Pennsylvania Wing Civil Air Patrol
- Pennsylvania Wing of Civil Air Patrol

Associated branches
- United States Air Force

Command staff
- Commander: Col Leslie Herr
- Deputy Commander: Lt Col Steve Aaron Lt Col Gregg Rubright
- Chief of Staff: Lt Col Randy Lentz
- Senior Enlisted Leader: SMSgt Brad Kenny

Current statistics
- Cadets: 811
- Seniors: 869
- Total Membership: 1680
- Awards: Unit Citation Award
- Website: pawg.cap.gov

= Pennsylvania Wing Civil Air Patrol =

The Pennsylvania Wing of the Civil Air Patrol (CAP) is the highest echelon of CAP in Pennsylvania. Pennsylvania Wing headquarters is located at Fort Indiantown Gap, an Army National Guard installation near Harrisburg, Pennsylvania. Pennsylvania Wing is abbreviated as "PAWG", and is often referred to by its members as "PA Wing". A Pennsylvania keystone is a symbol commonly used in patches and designs of PAWG.

== History ==

Pennsylvania Wing is one of the original 48 wings in Civil Air Patrol.

In the spring of 1942, the Pennsylvania Wing conducted a 30-day experiment with the intention of convincing the Army Air Forces that they were capable of flying cargo missions for the nation. PA Wing transported Army cargo as far as Georgia, and top Army officials were impressed. After the 30 day trial period, the War Department gave CAP permission to conduct courier and cargo service for the military, often flying mail, light cargo, and important military officials between USAAF bases.

One of the Civil Air Patrol's very first "Aviation Cadet Programs" was established at the Pittsburgh Army Air Field in the spring of 1943. Accepting young men as "Aviation Cadets" in a delayed enlistment program for the Army Air Forces, the Pittsburgh Squadron trained these boys (as young as 15) in Aerospace and Military subjects and vetted them for service as Army Air Force Pilots.
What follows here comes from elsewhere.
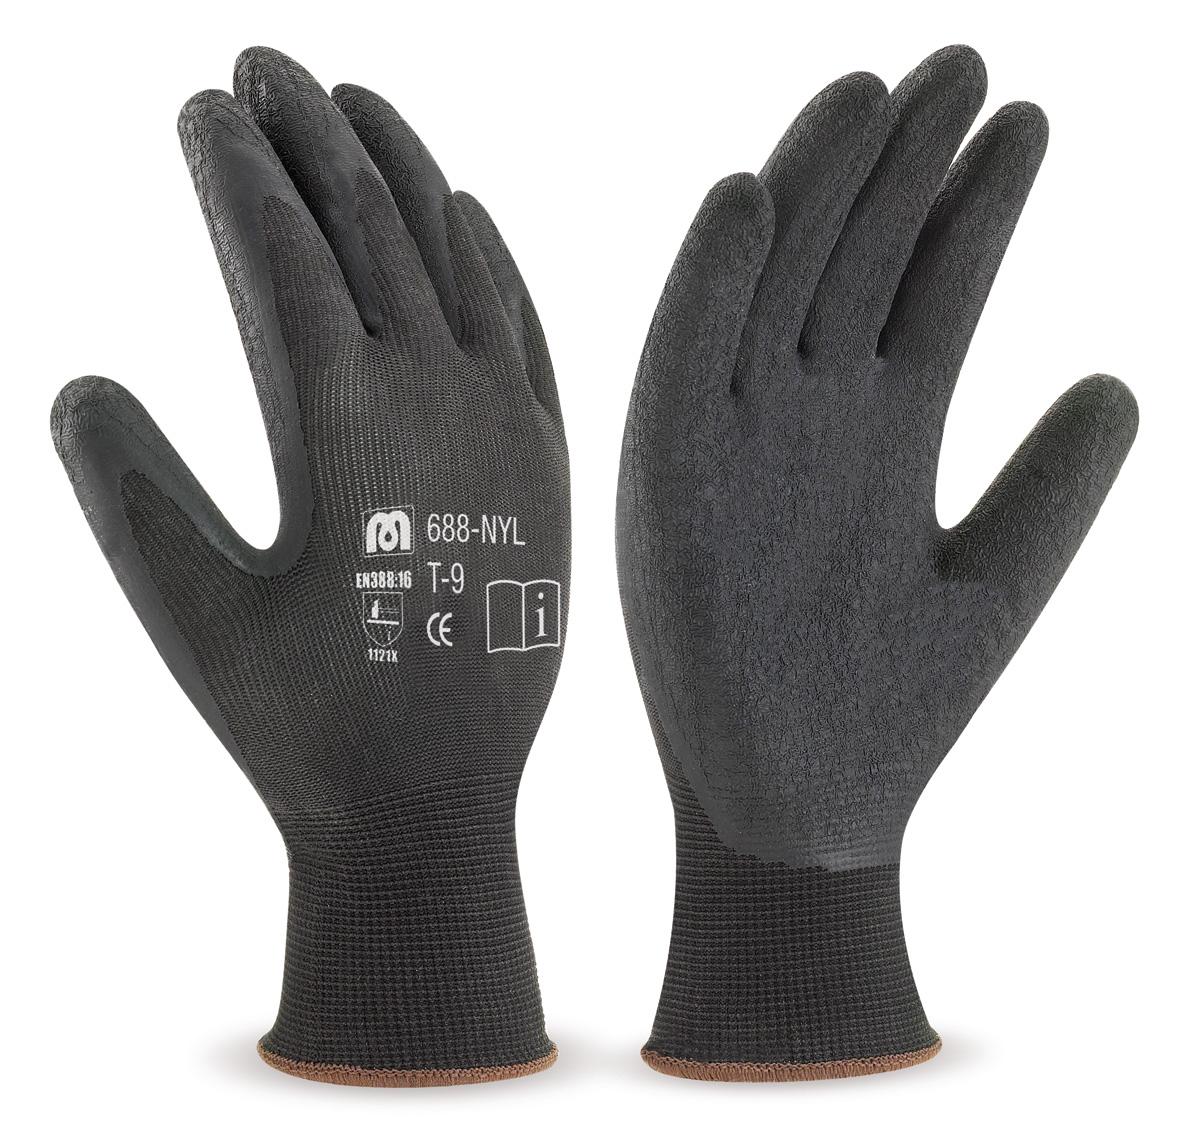 productos guantes de trabajo nylon ref 688 nyl

Graduating a total of 16 Aviation Cadets for the Army in less than ten months, the Pittsburgh Squadron model was copied by units in Philadelphia, New York City and as far south as Florida. Today, the current Squadron with direct lineage to that Aviation Cadet Unit is the CAP's second longest, continually operated unit on a Military Installation.

On December 31, 1999, PA Wing units were put on stand-by in case of any problems arising from the Y2K bug.

During the September 11 attacks, Pennsylvania Wing was ordered to a stand-by state. Although not officially tasked with any missions in direct support, PAWG radio communications centers were operational and prepared to offer assistance.

In 2006, PA Wing was activated to fly reconnaissance missions during the 2006 flood. PAWG aircraft flew over major waterways to provide detailed photographs of flood-affected areas and to monitor floodwaters as they moved downstream.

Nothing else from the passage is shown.